# if I got saudi with my wife



## samkalu (Dec 12, 2012)

Hi guys if I goto saudi with my wife what kind of a freedom restriction will she get?


----------



## samkalu (Dec 12, 2012)

Since she is a Christian would it be a problem? How is the situation for asian Christians?


----------



## qlada (Oct 6, 2013)

I am Christian and got no problems/restrictions whatsoever...


----------



## samkalu (Dec 12, 2012)

qlada said:


> I am Christian and got no problems/restrictions whatsoever...
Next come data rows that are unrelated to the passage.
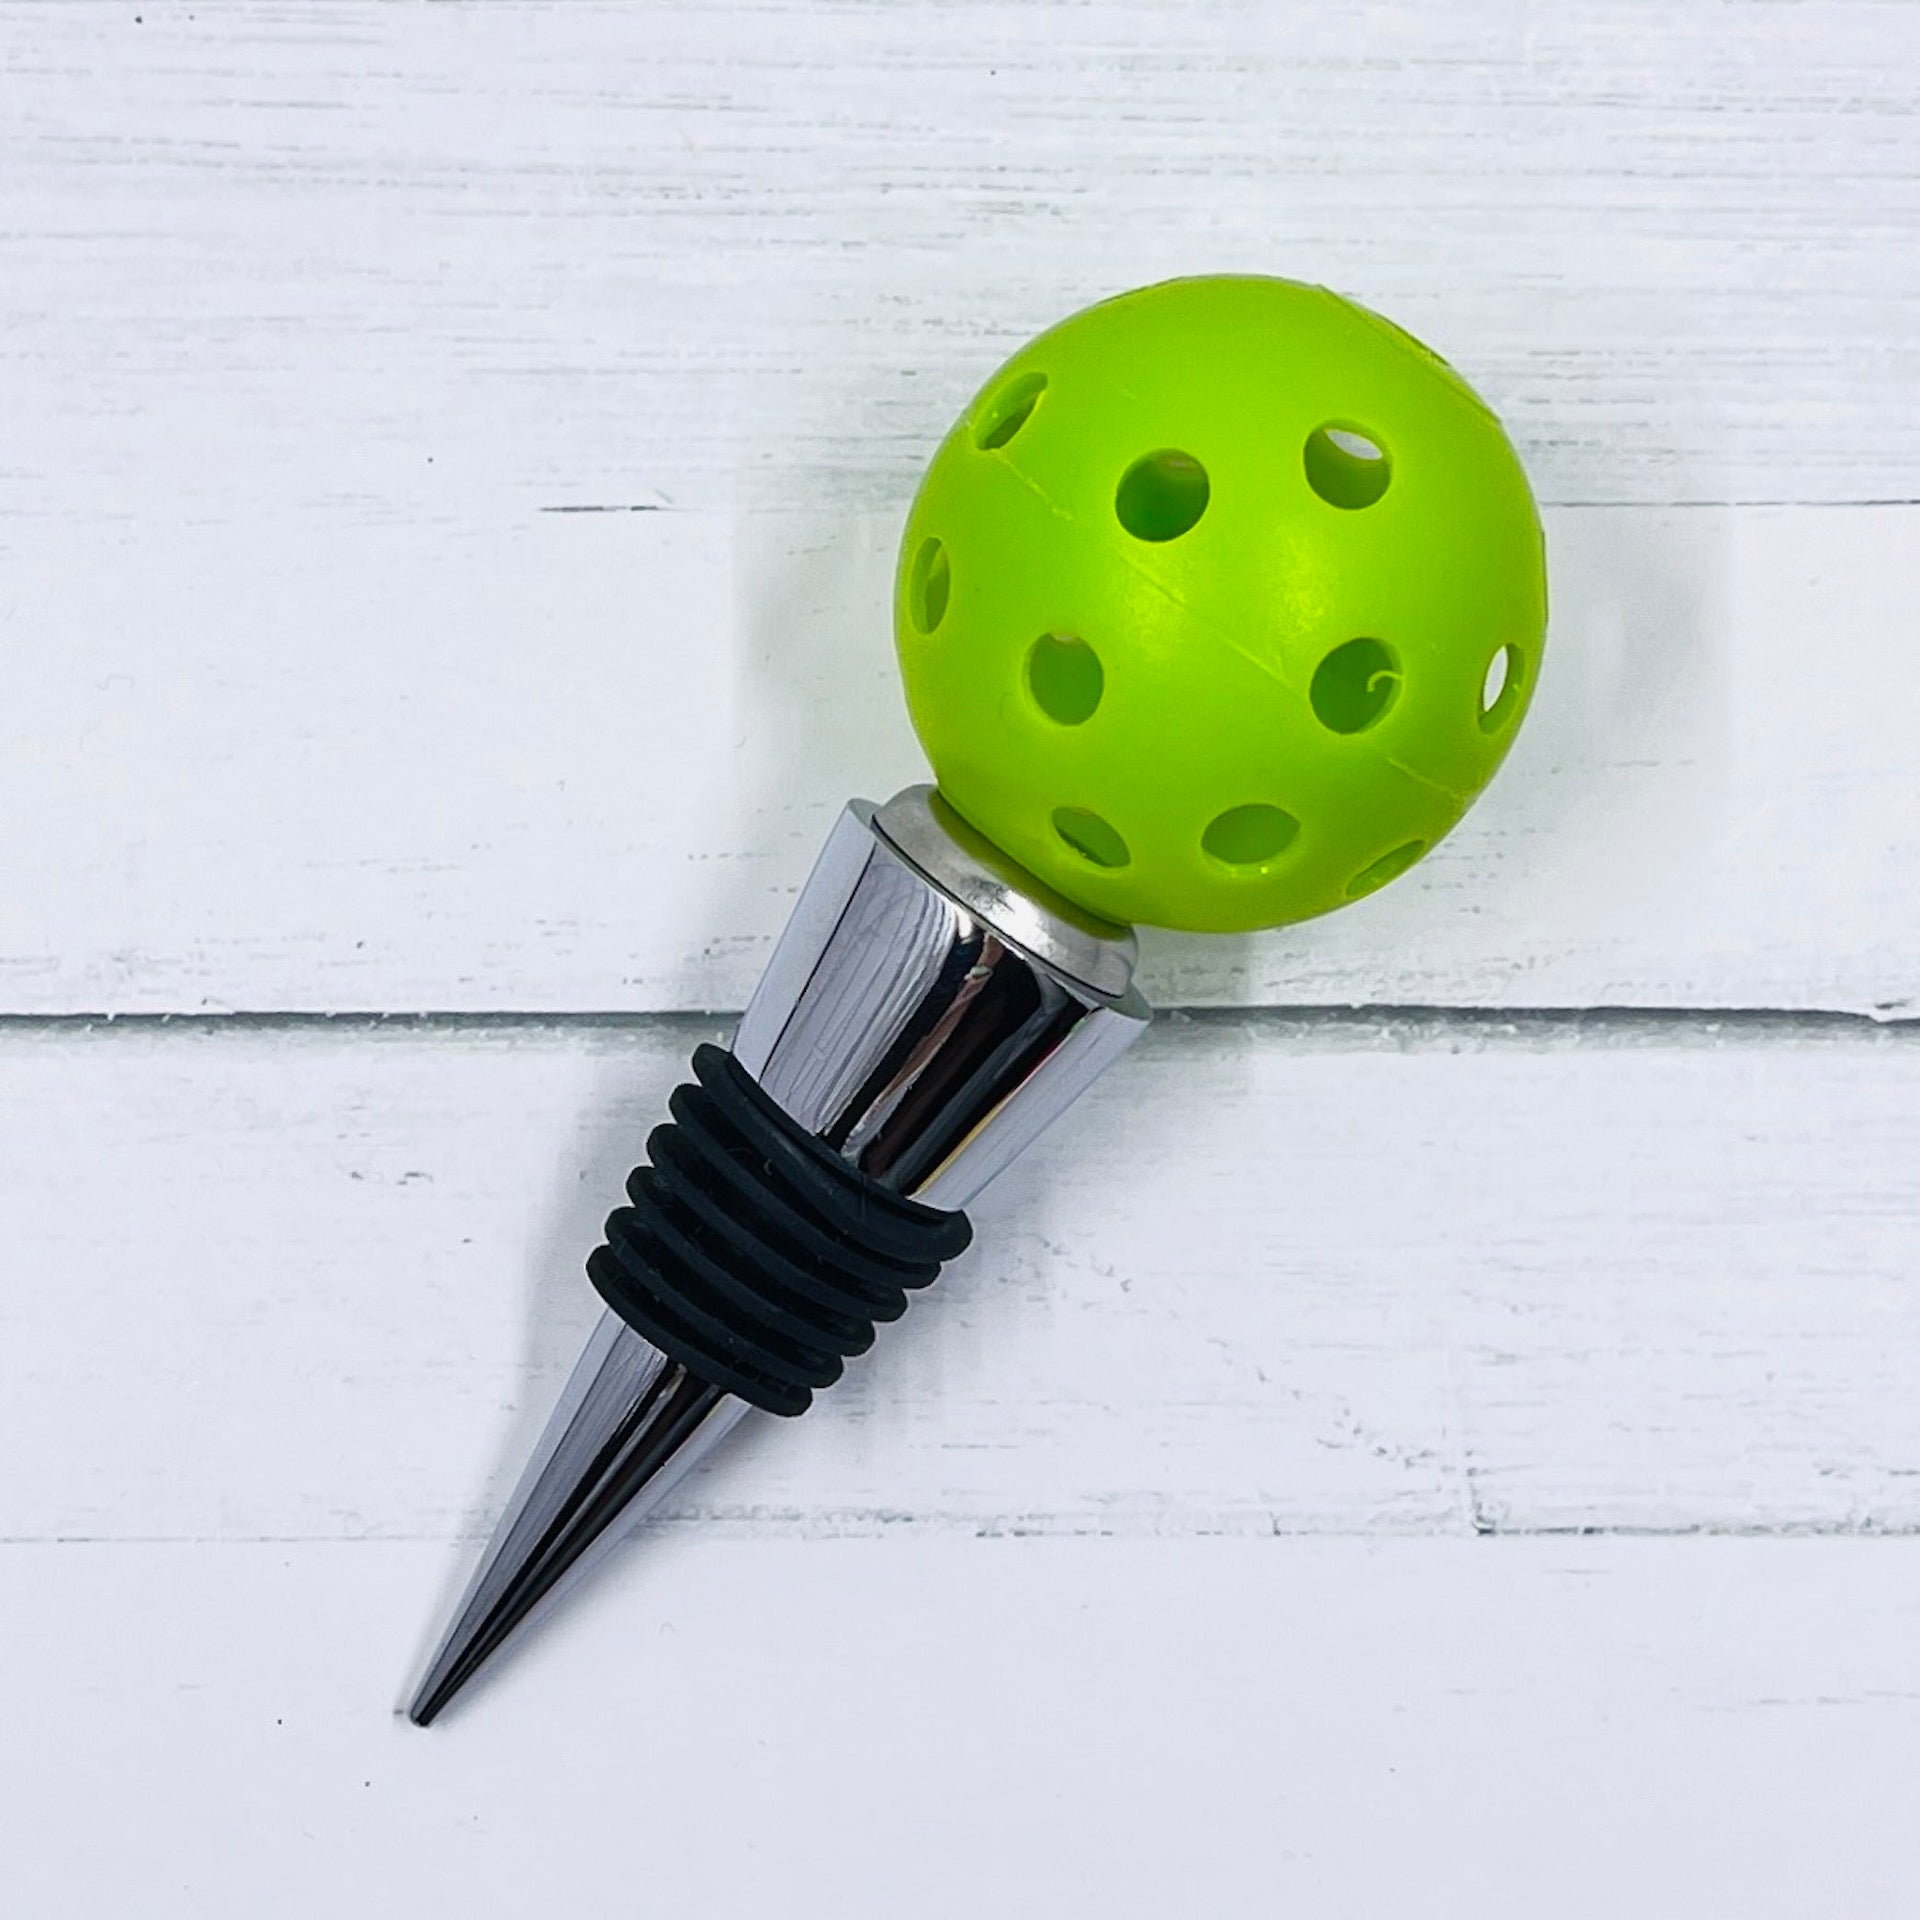 Pickleball Wine Bottle Stopper - Well-Made and Very Sturdy - Perfect Gift  These sturdy well-made wonderful pickleball wine bottle stoppers are the perfect gift for all your like-minded friends or splurge and treat yourself - YOU DESERVE IT! Each order contains one wine bottle stopper. You get to choose the color. 
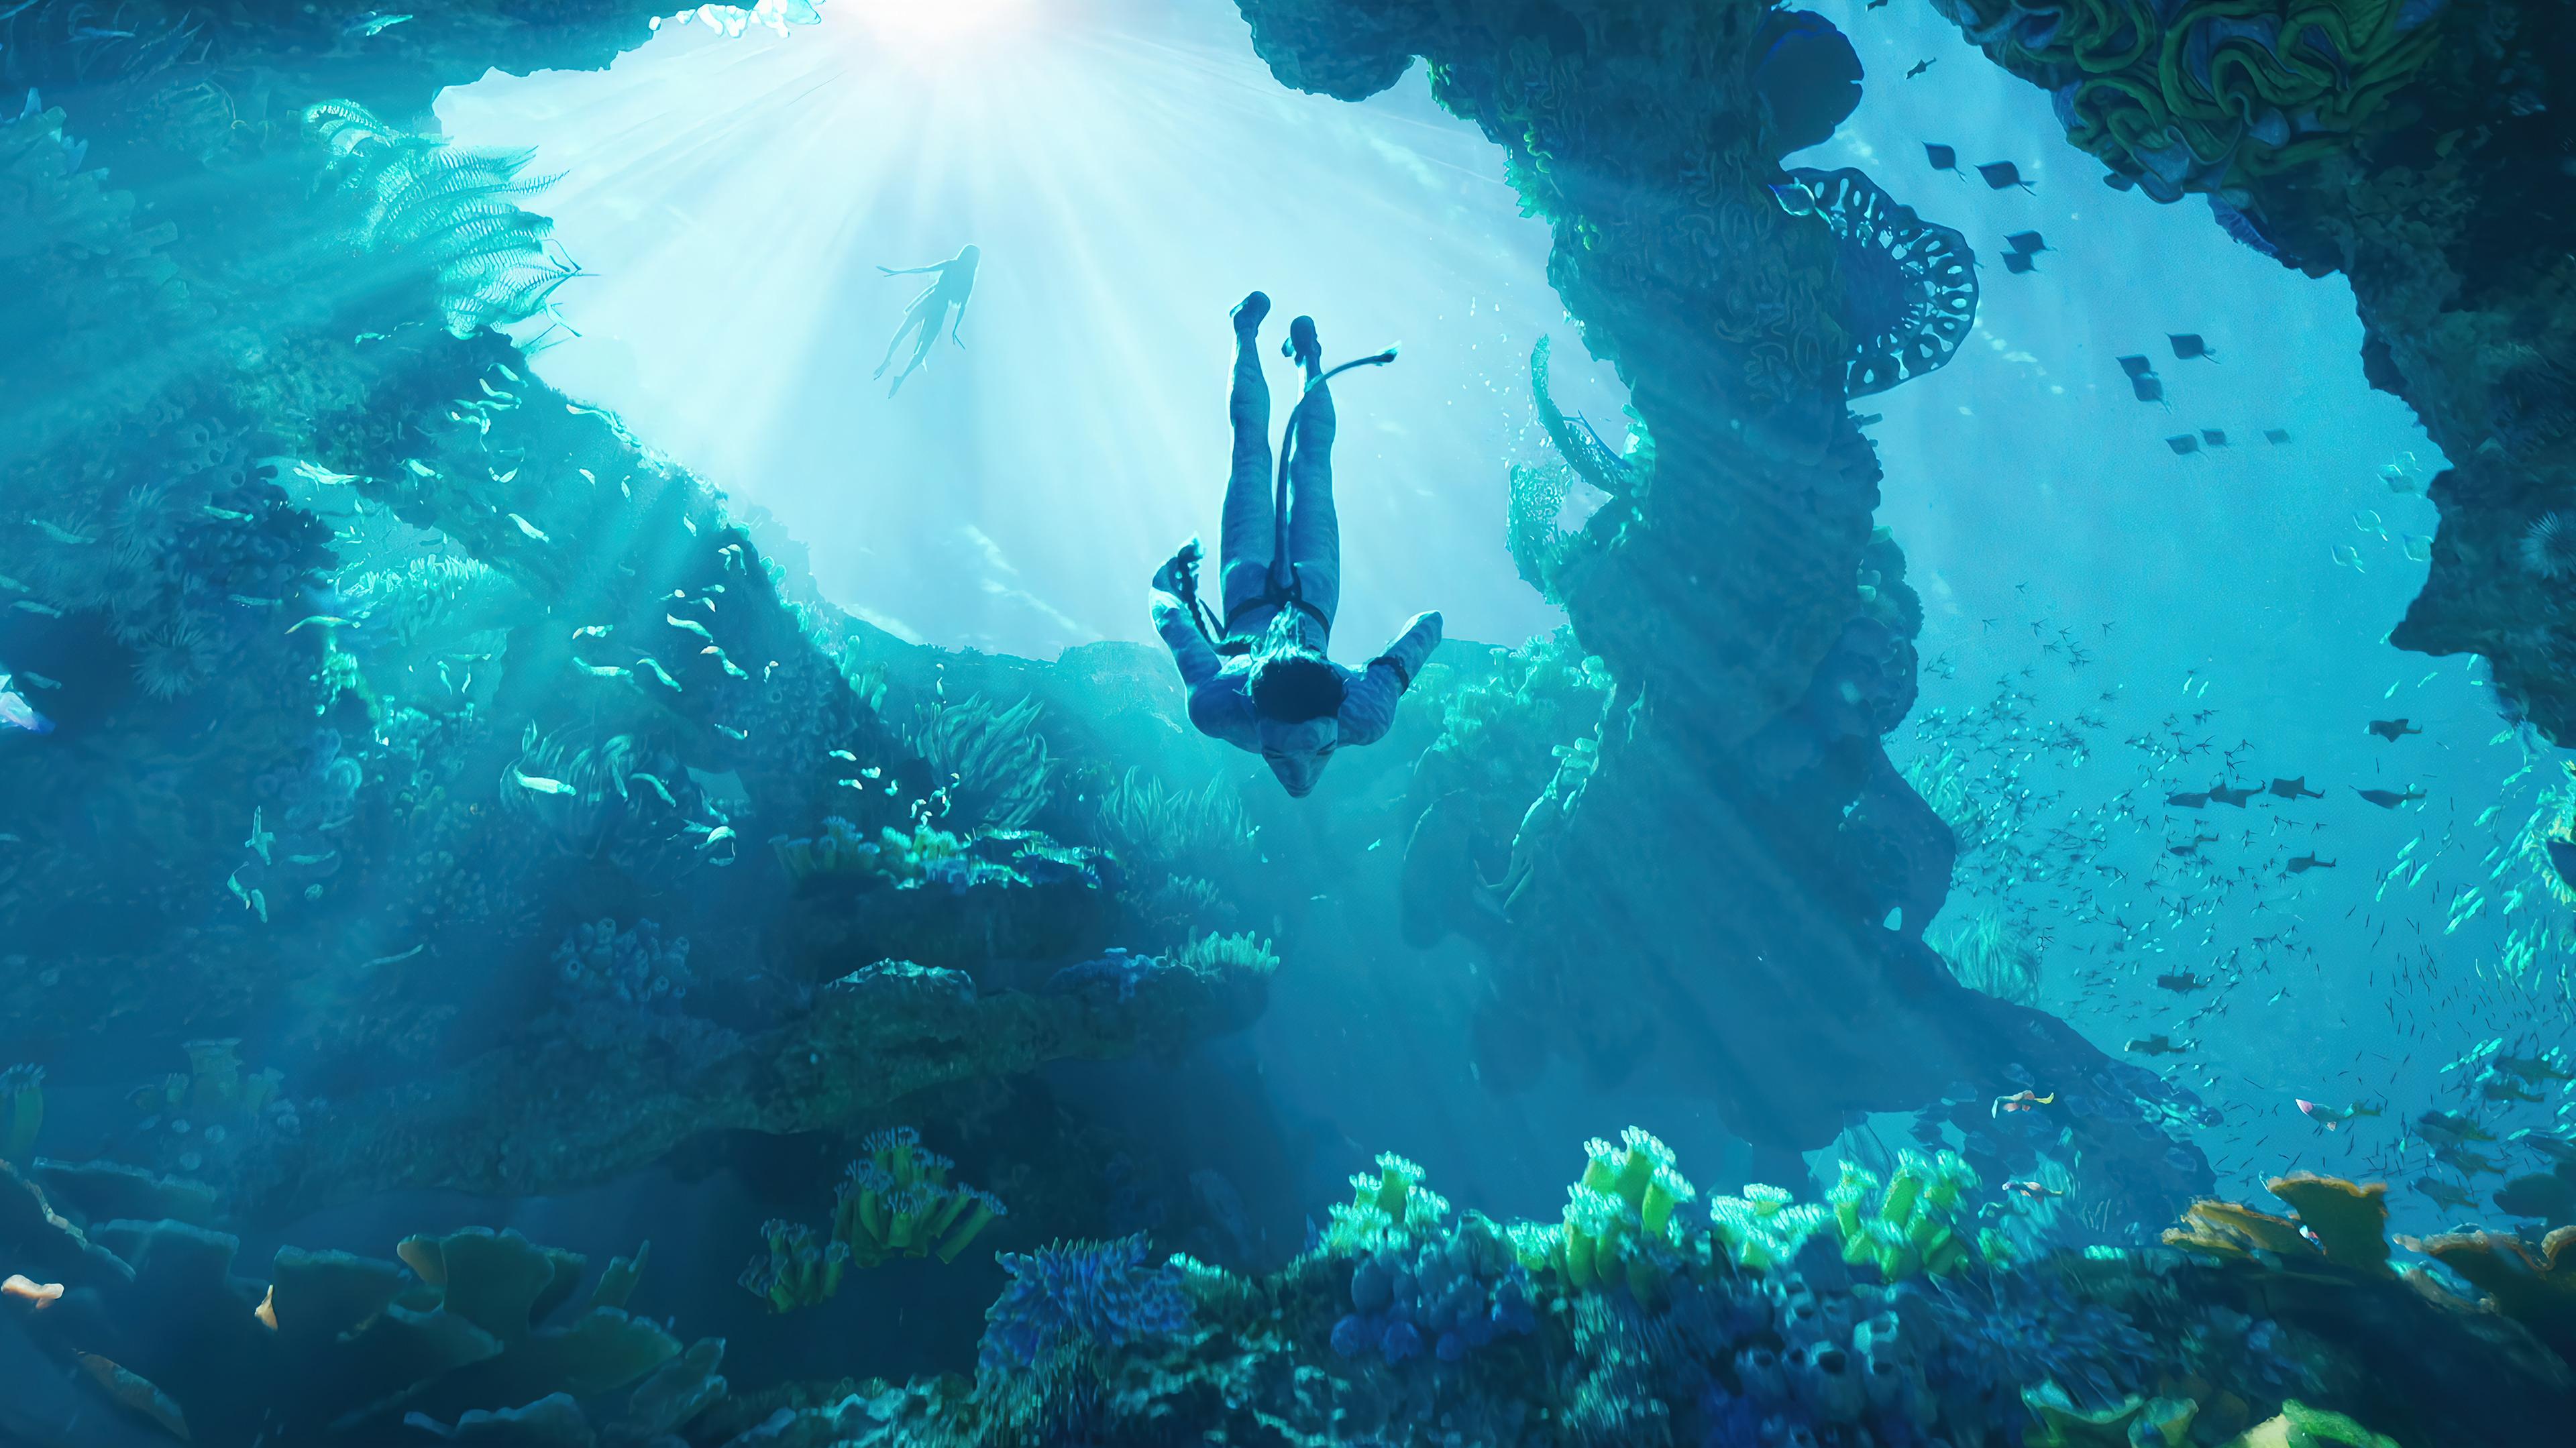 Avatar The Way of the Water Underwater Wallpaper 4K HD PC 5300h
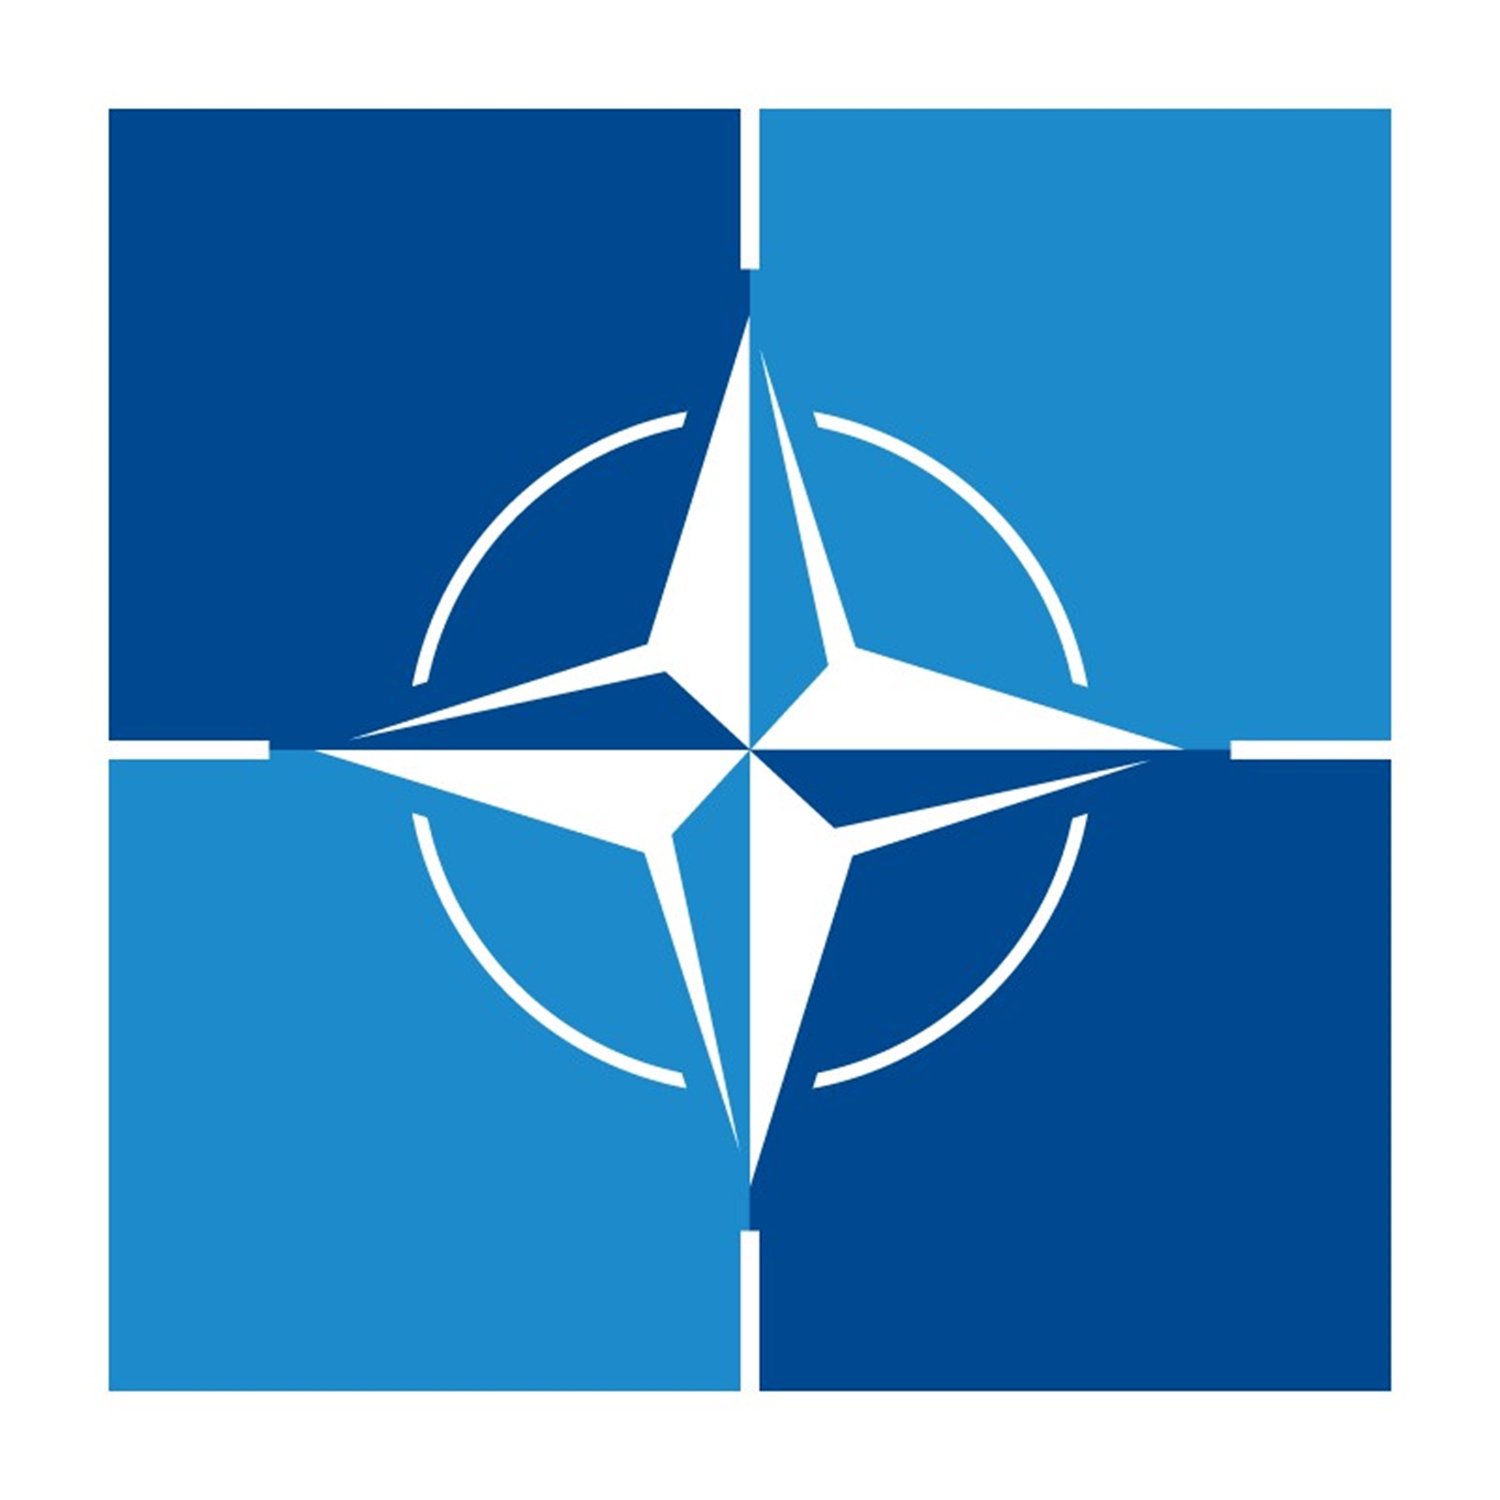 nato logo, 6, 1500x1500 Wallpapers HD / Desktop and Mobile Backgrounds

Thanks. Thats good to hear


----------



## KHALED ALMAGHRABI (Nov 26, 2013)

In the public area, she should wear modest clothes I believe covering her body with abaya it is a must in some places.


----------



## SOAB (Jan 25, 2014)

She will have to cover her body wearing the abaya but there is no need for her to cover her head unless she is harassed by a motawa (its sometimes best to just cover your head to shut them up). If you are visiting or living in a western compound, she will be able to take off her abaya. Driving is not allowed for woman still unfortunately although some compounds allow it. If she smokes in public such as on the street, she will be stared at. Both of you can't drink alcohol and wont be able to be affectionate in public, no holding hands. I would advise you to try and live in a compound as there aren't as many rules and restrictions compared to living outside a compound.


----------



## samkalu (Dec 12, 2012)

Thanks for the information


----------



## RoohulAmin123 (Feb 8, 2014)

I want to migrate to saudi, or dubai with my family. HoW?


----------



## SOAB (Jan 25, 2014)

RoohulAmin123 said:


> I want to migrate to saudi, or dubai with my family. HoW?


You should apply for a job. If it is Saudi that you were wanting to live then you will only be able to enter the country if you have a visa, either a work visa or a visa for religious purposes or if you have family there. If you are planning to be there for long though, you will have to find a job before you more out there. As for Dubai, you should apply for a job before moving there as well but could always go on holiday to see it first.:fingerscrossed:


----------